Flyers radio color commentator Steve Coates labeled Thursday’s scoreless first period between the Flyers and Stars as “nondescript” hockey.

Welcome to the new NHL, the Nondescript Hockey League.  

The NHL’s regular season is evolving into a product that looks more and more like an amplified version of an All-Star Game with a lot of skating and shooting and very little checking.

“Either with the puck or without the puck, I don’t know if there was a hit thrown by either team in that first period,” Stars head coach Jim Montgomery said, describing the first 20 minutes of the Flyers’ 2-1 win.

Interestingly, according to the official stat keepers, somehow the Flyers and Stars managed to register 12 first-period hits between the two teams, which started with Travis Konecny bumping Esa Lindell just six seconds after the opening face-off.

As fighting has been almost entirely phased out of the game over the past ten years, one can only wonder if hitting and checking is following a similar trajectory. Apparently, we’ve now reached a point where just the definition of a hit, especially a clean one, isn’t so clear cut any longer.  

“I don’t know what to say, that’s just the way the league is right now. Every hit, everybody thinks it’s dirty right now,” Flyers defenseman Radko Gudas said. “When I was coming into the league it was way different. Guys were hitting everywhere. That’s a really big change in the sport now.”

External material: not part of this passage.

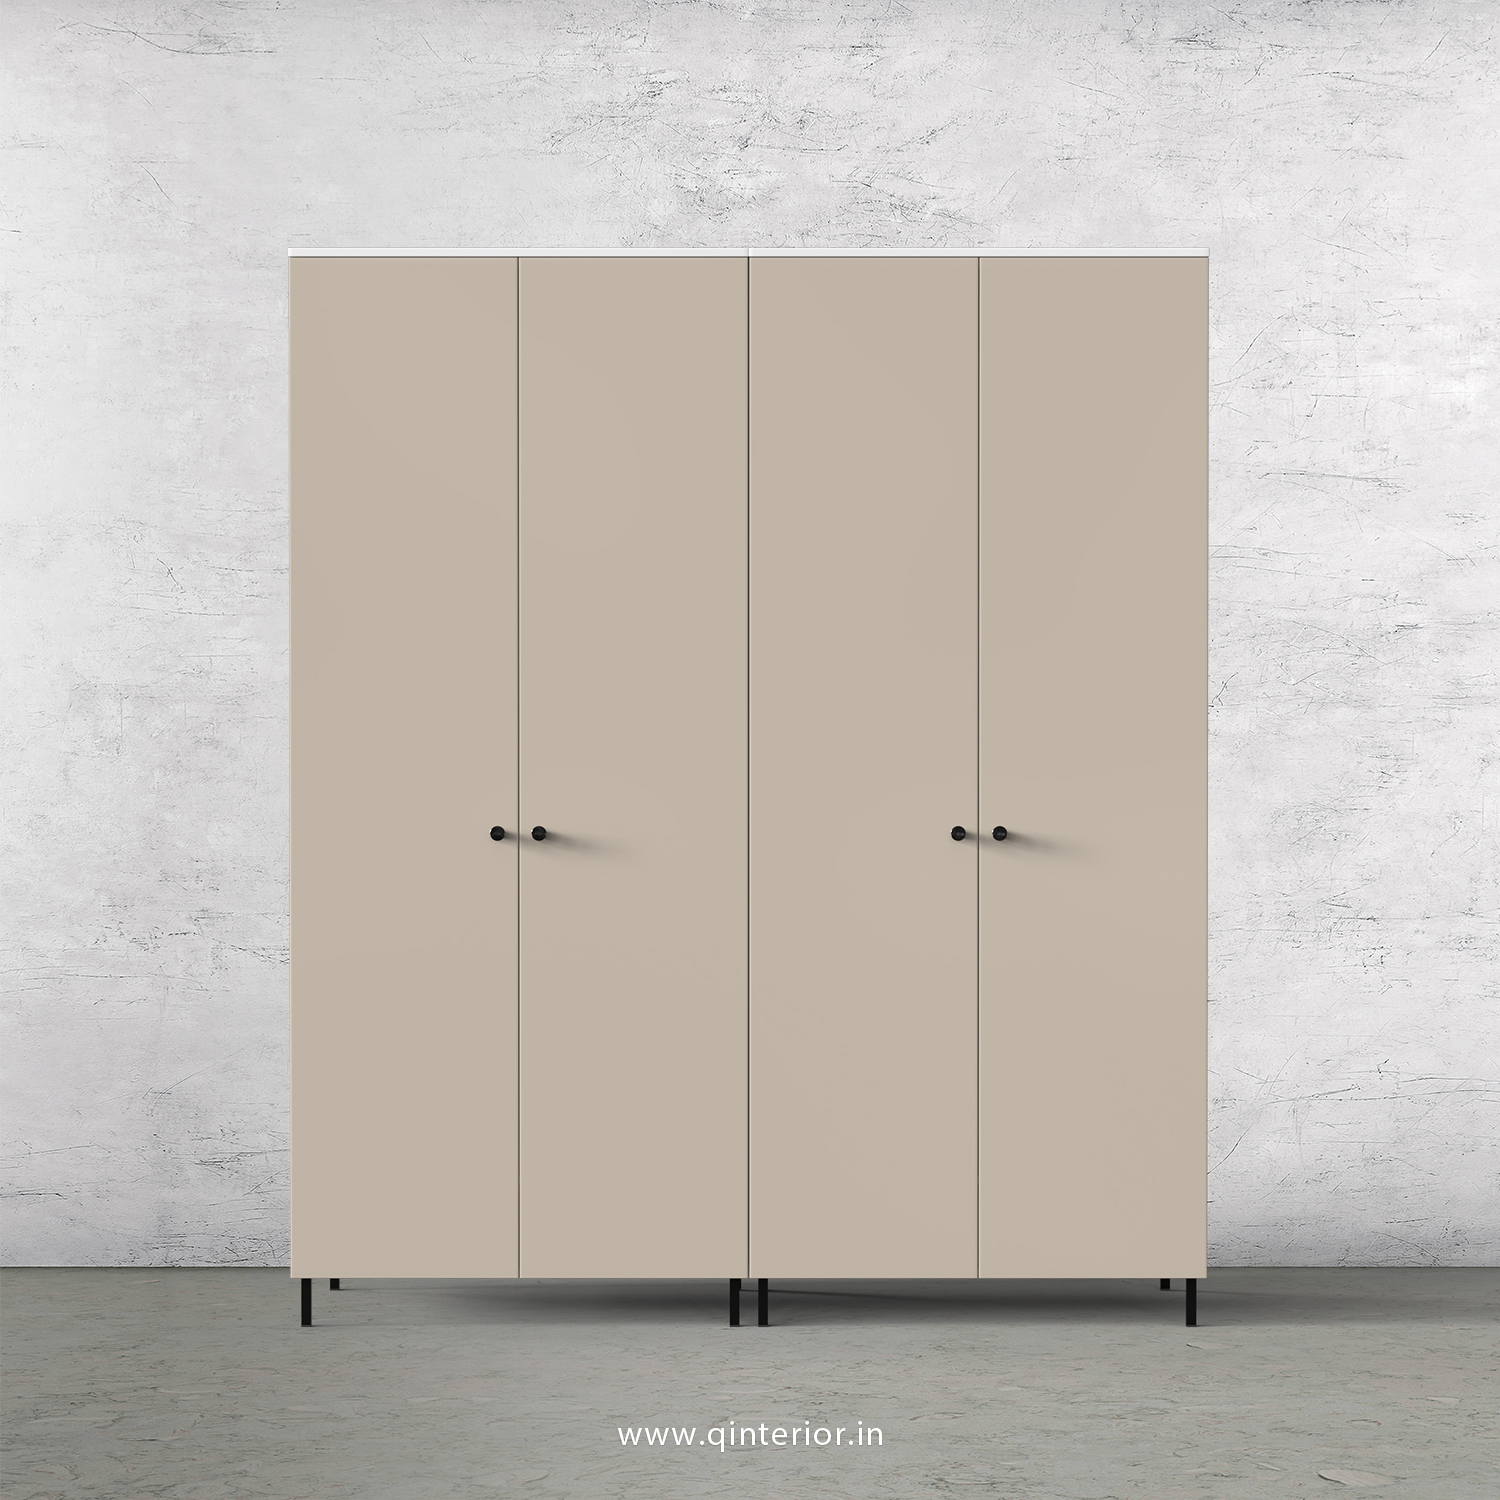 Lambent 4 Door Wardrobe in White and Irish Cream Finish – FWRD001 C88

While the line for what constitutes a clean play from a dirty one has clearly moved toward the direction of making the game safer, Gudas discovered this week that those legal hits according to the rulebook are now no longer tolerable across the league. 

Monday against the Blues, Gudas leveled Alex Steen, knocking him out of the game and leaving the benches to chirp back and forth about the physicality of Gudas’s play.

“I hit Steen at center ice and guys are going after me,” Gudas said. “There’s no hits in the center ice anymore.”

The following night in Washington, Gudas executed a perfectly timed hip check against Capitals center Travis Boyd early in the third period. Moments later, Gudas was immediately jumped by Devante Smith-Pelly, and the two bruisers dropped the gloves and settled their differences. 

Yes, we’ve entered an era in pro hockey where the tolerance level for physical play is now at a level that amounts to being grazed or nudged. Having spent the past nine-plus seasons in the American Hockey League, Flyers coach Scott Gordon believes the standard has been set years ago in the AHL, where guys once sacrificed everything to prove they were NHL-worthy. 

“The way it is now, a hard hit is almost unacceptable by the opposition,” Gordon said.  “Unfortunately, the way players are now, they don’t expect the big hits because they’re too far, few and in between. Because of the pace of the game, it’s nowhere near where it used to be. The game is so much faster. You can skate hard all the way and get there, and next thing you know, it’s now a late hit.”

Some believe it’s a 25-year evolution of the NHL’s instigator rule that was put into effect in the early 90s. 

Others point to concussions to Penguins superstar Sidney Crosby, and most notably Brandon Manning driving Connor McDavid into the boards in 2015 — which led to McDavid’s broken collarbone — as the turning point to where we are now.  

Either way, who initiates the hitting and who deserves to be hit seems to be a touchy subject in today’s touchy-feely game.